**Dataset content**

--------------------------------

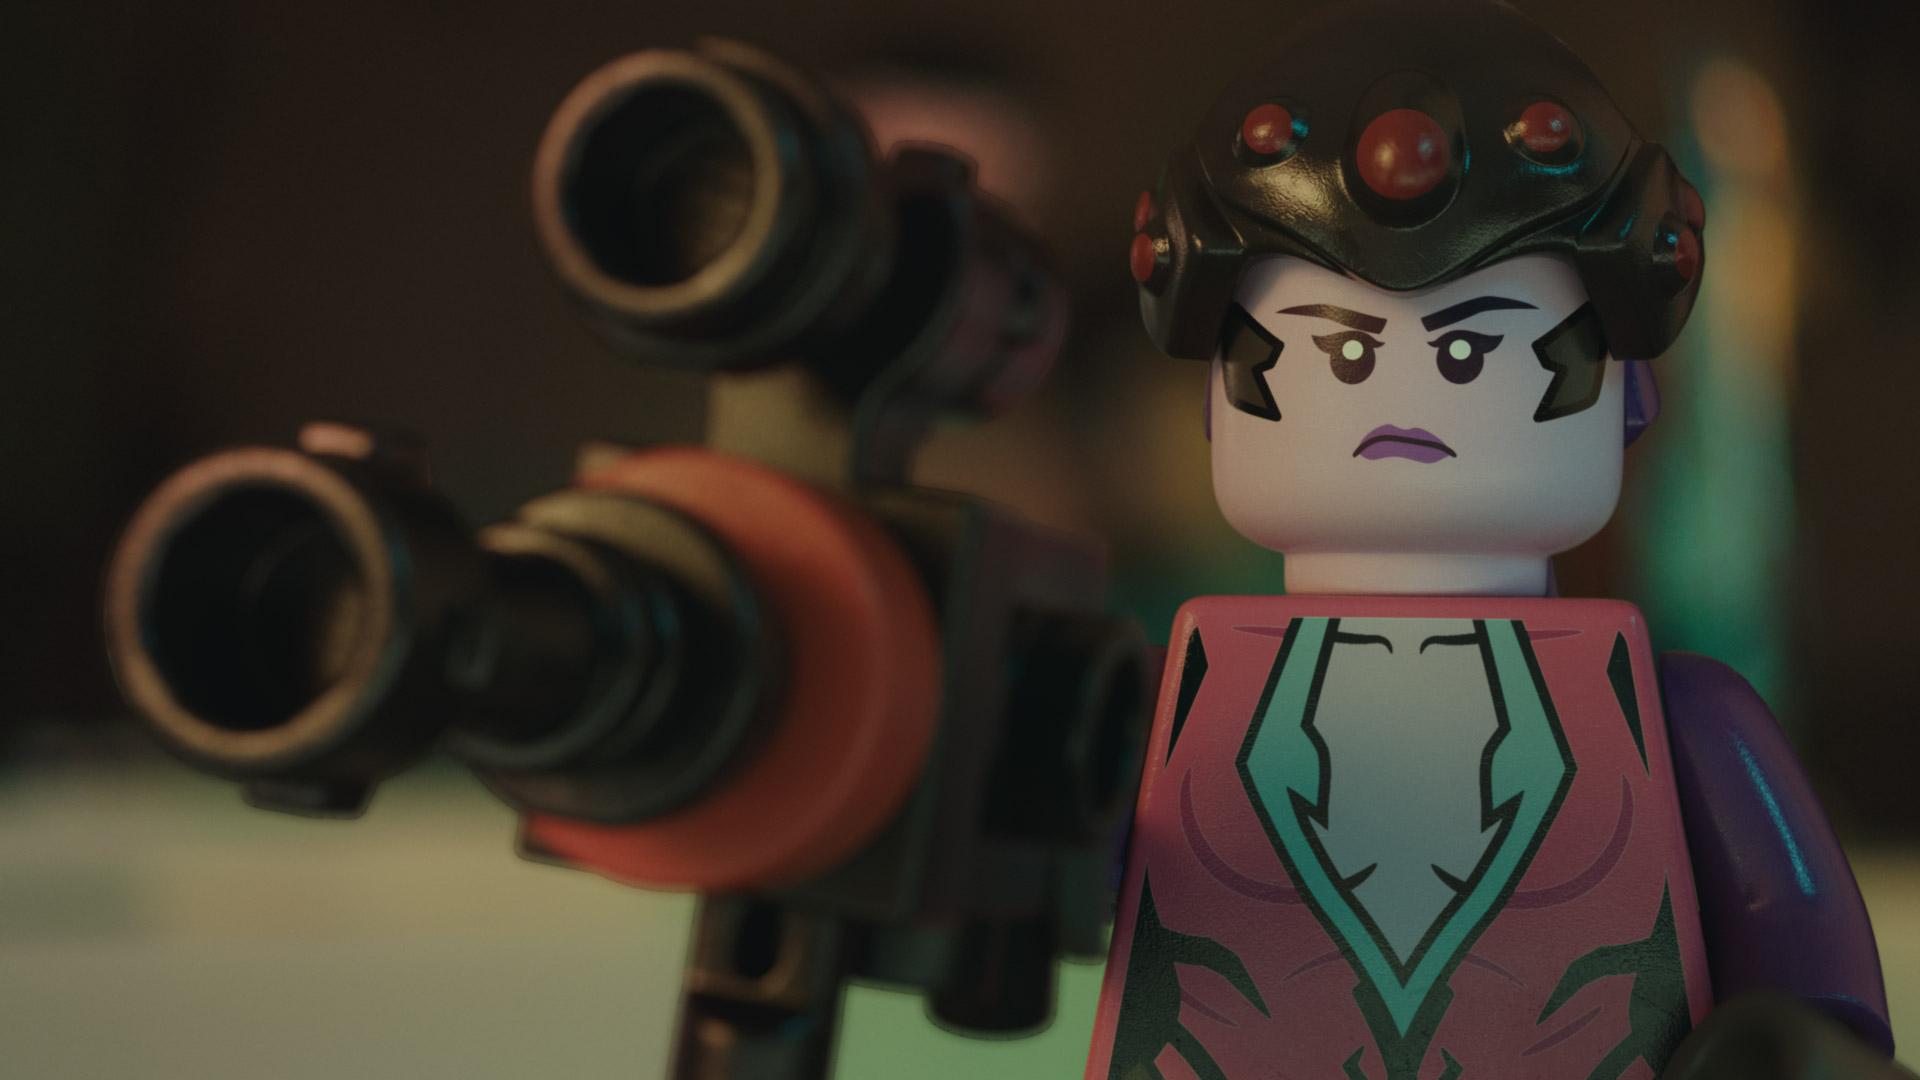 LEGO_OW_91913
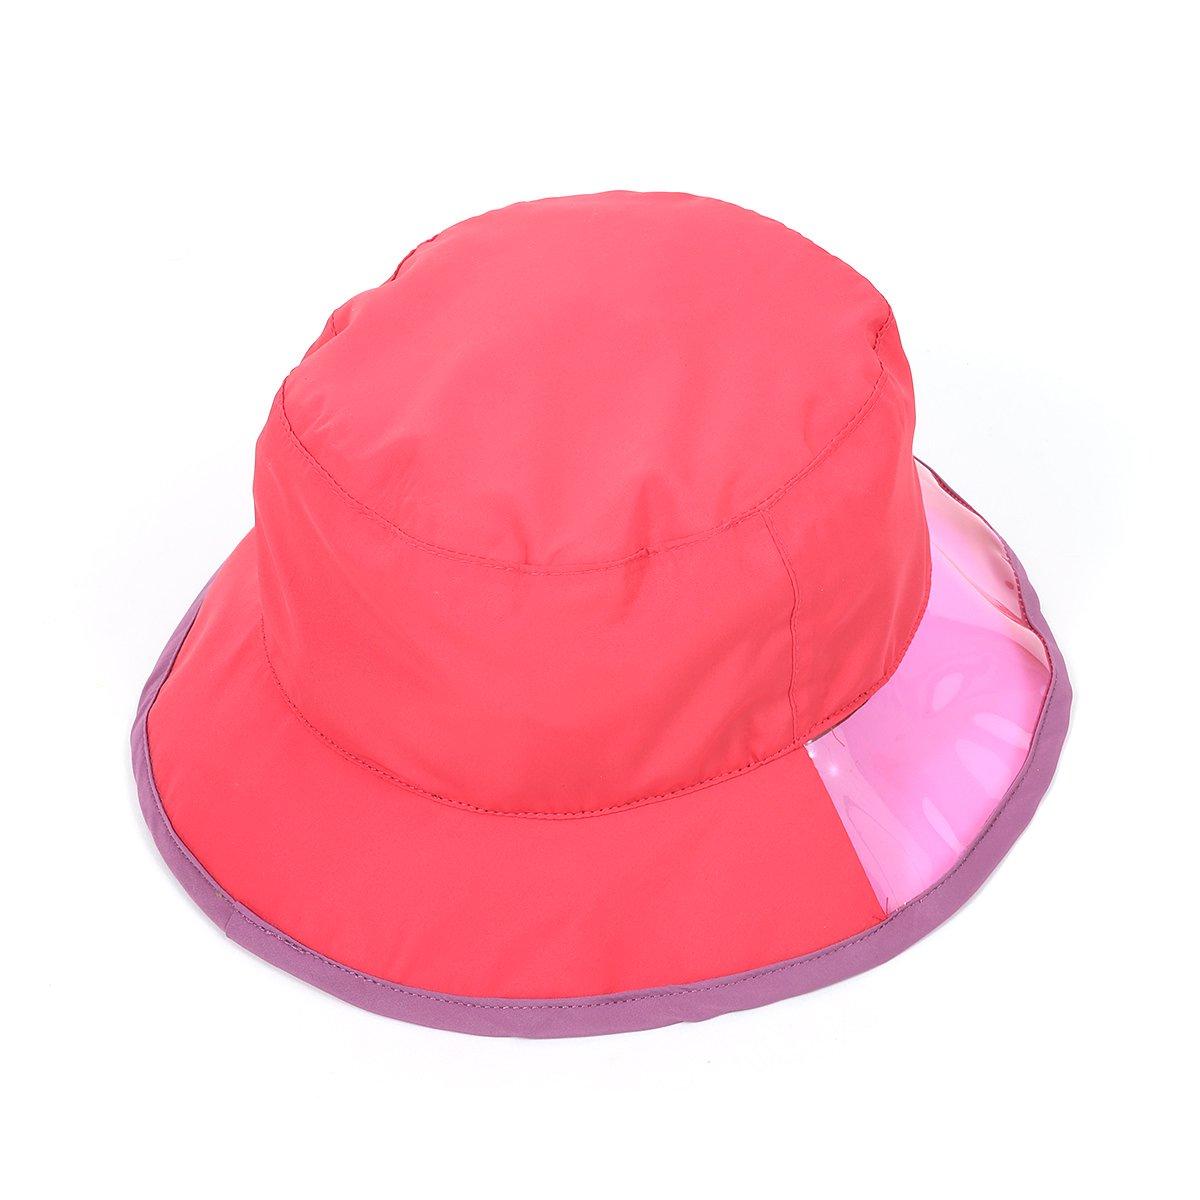 【KIDS】Rain PVC Hat 詳細画像5
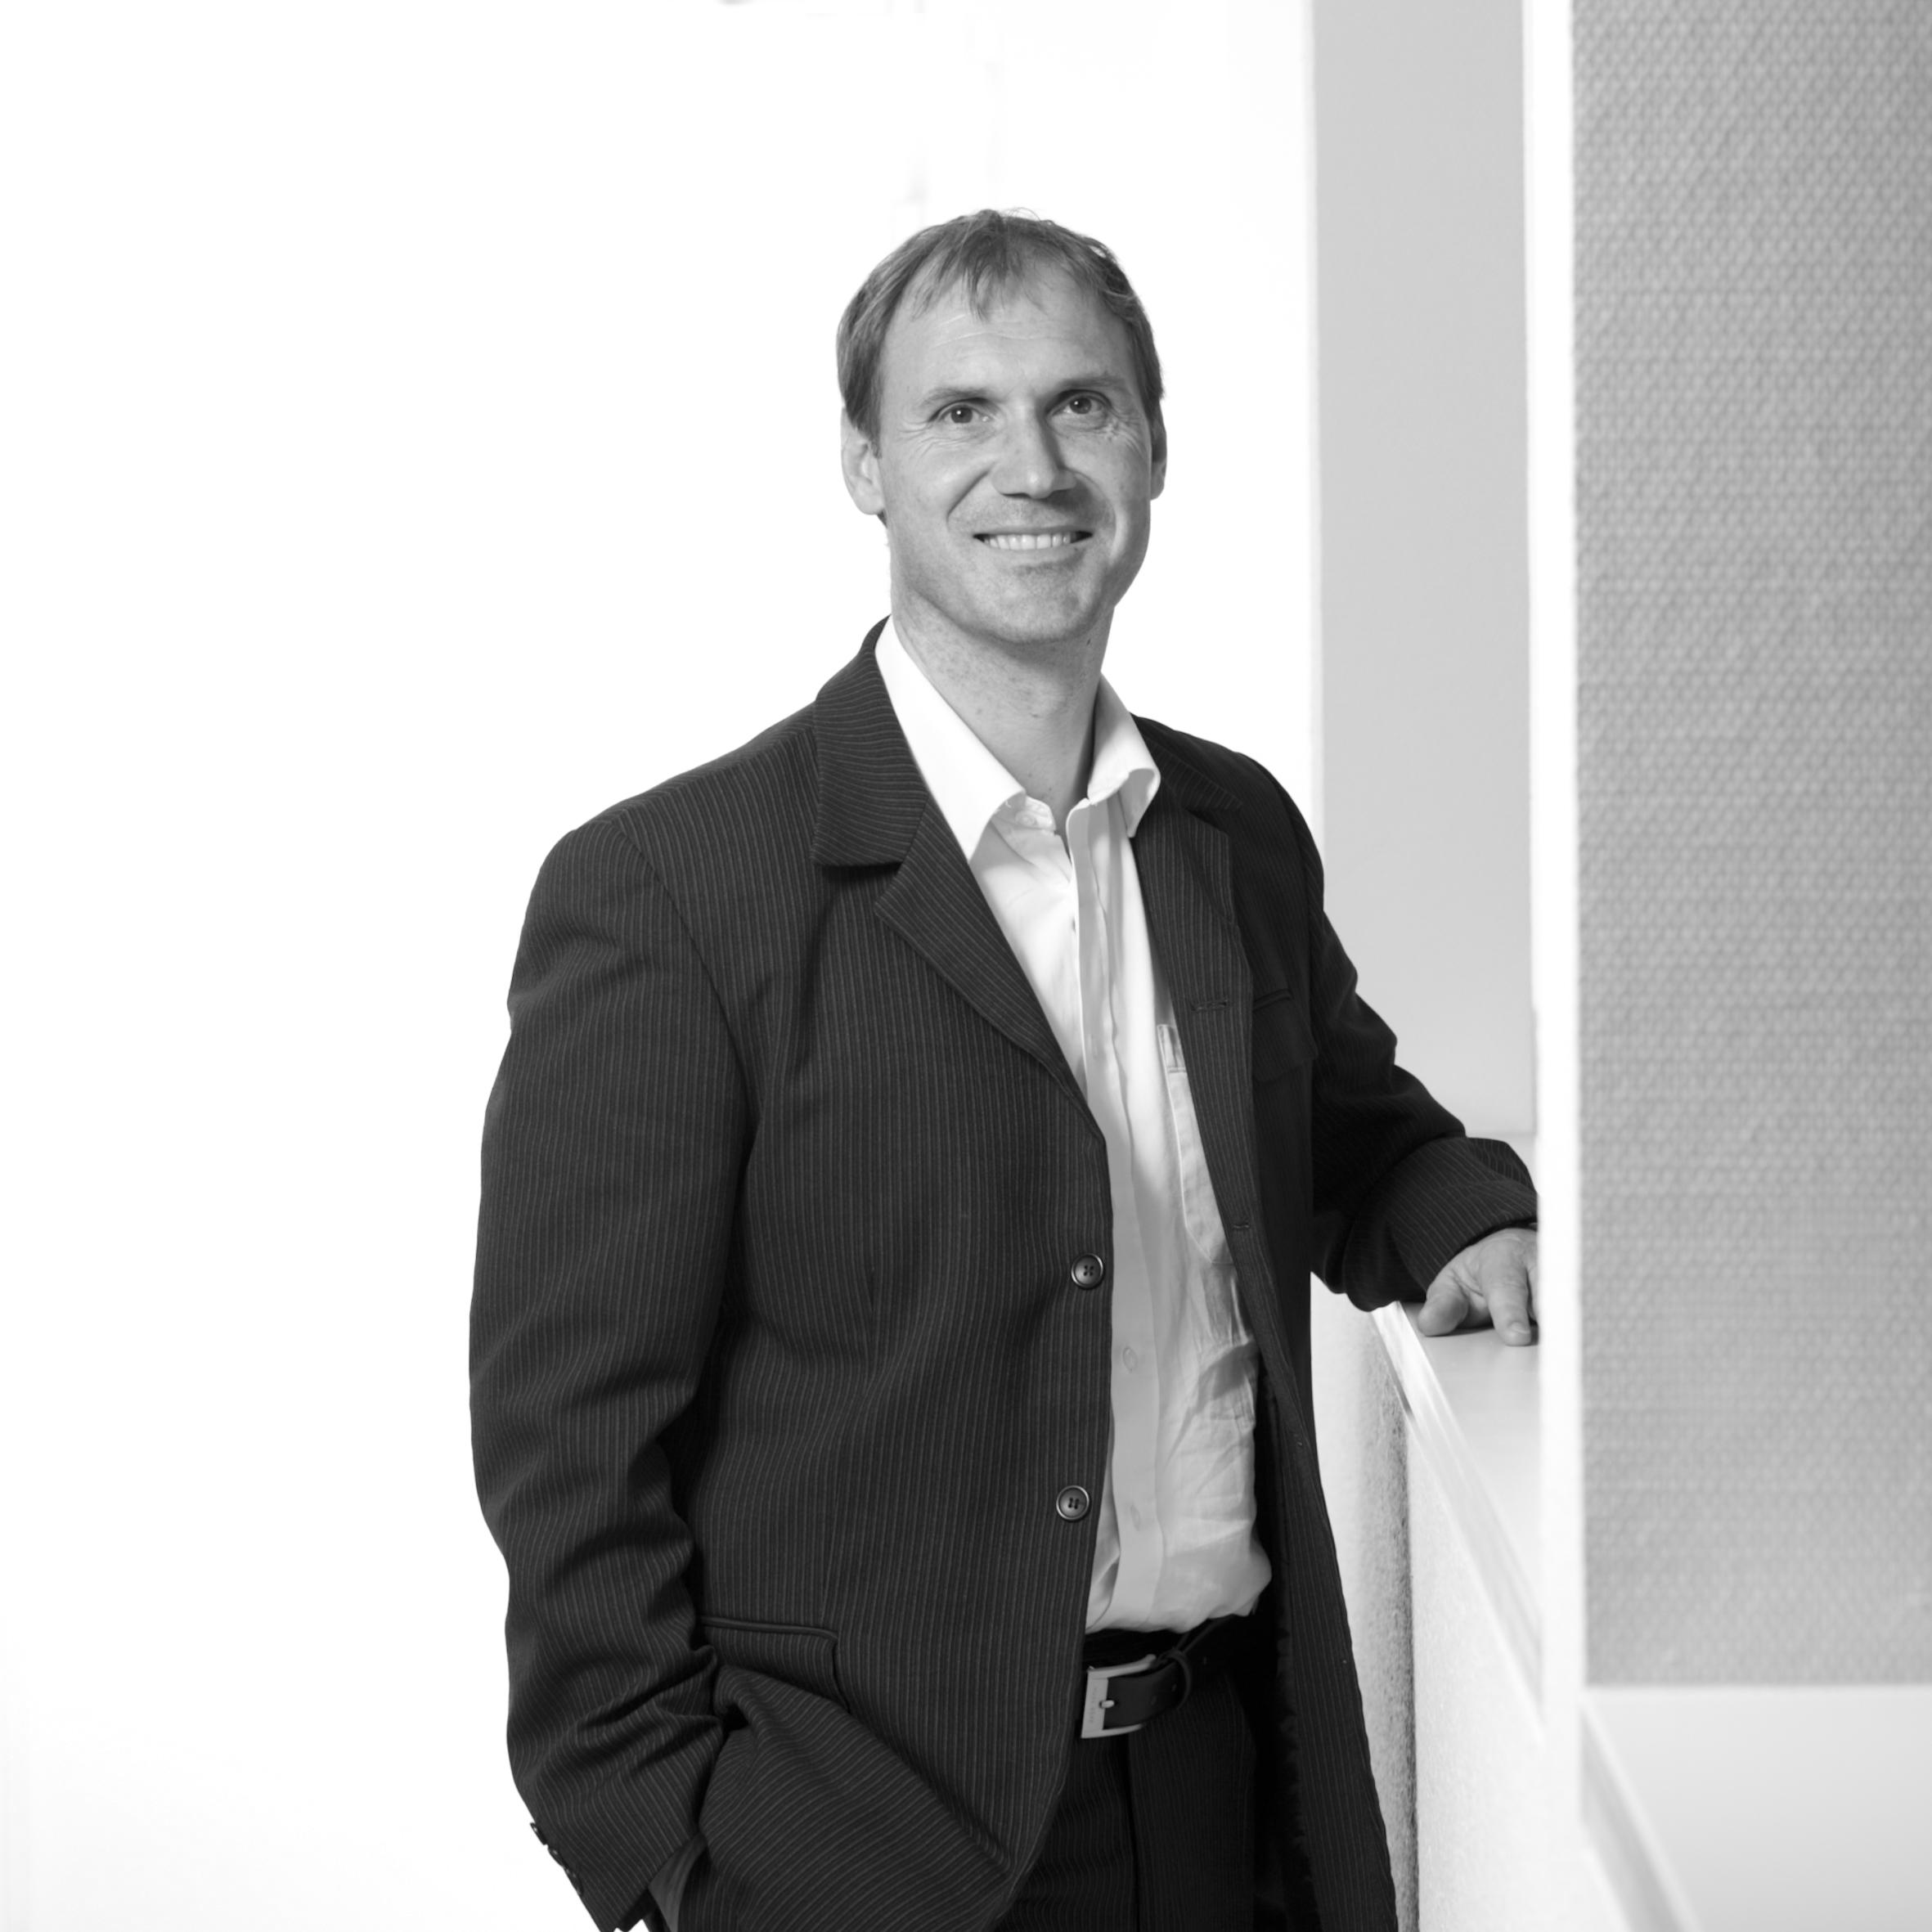 Prof. Dr. Jens Kreisel, directeur du département Materials Research and Technology (MRT) du LIST
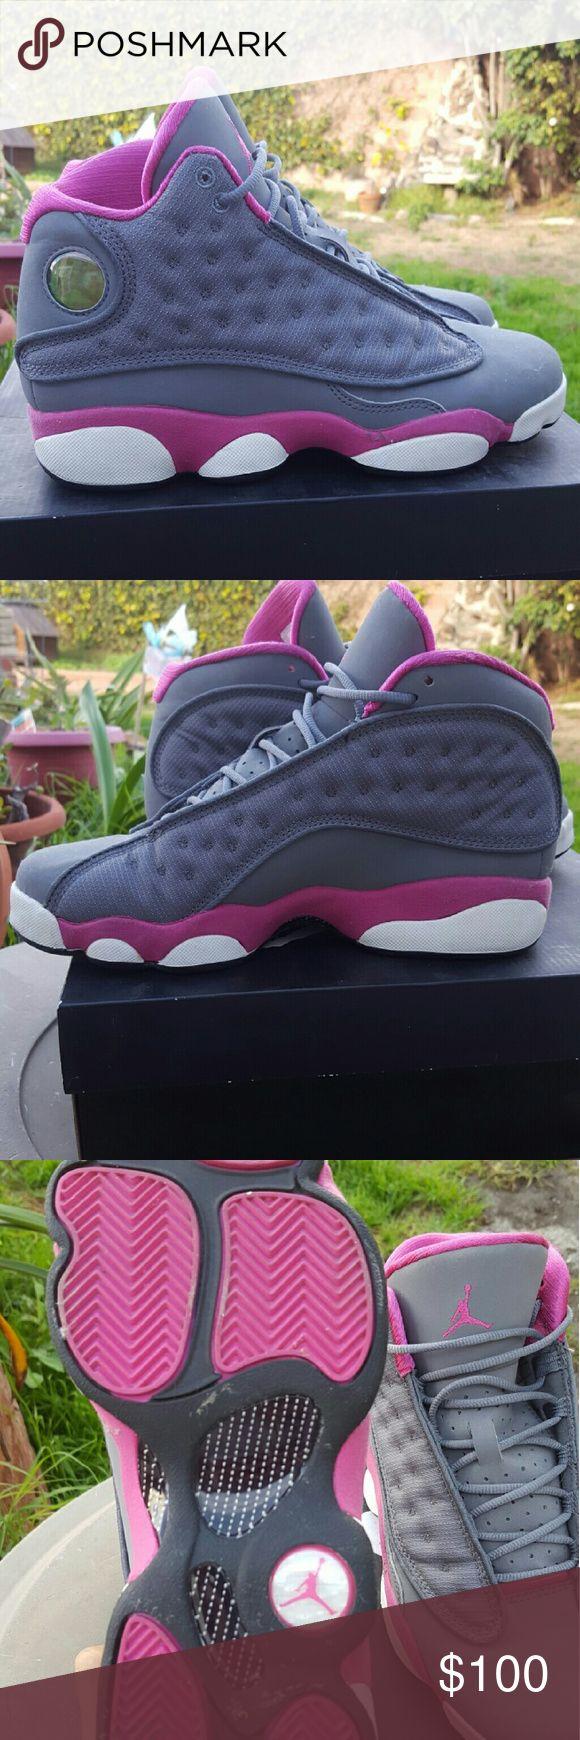 Jordan xiii 6.5 in women's pink and grey Women's Jordan's xiii brand  new, pink and grey Jordan Shoes Sneakers

--------------------------------

Nothing should appear in the answer except the lines from the one containing "PVC Hat 詳細画像5" through the last line of the listing, given again exactly and with no pictures.

**Answer box**
 【KIDS】Rain PVC Hat 詳細画像5
 Prof. Dr. Jens Kreisel, directeur du département Materials Research and Technology (MRT) du LIST
 Jordan xiii 6.5 in women's pink and grey Women's Jordan's xiii brand  new, pink and grey Jordan Shoes Sneakers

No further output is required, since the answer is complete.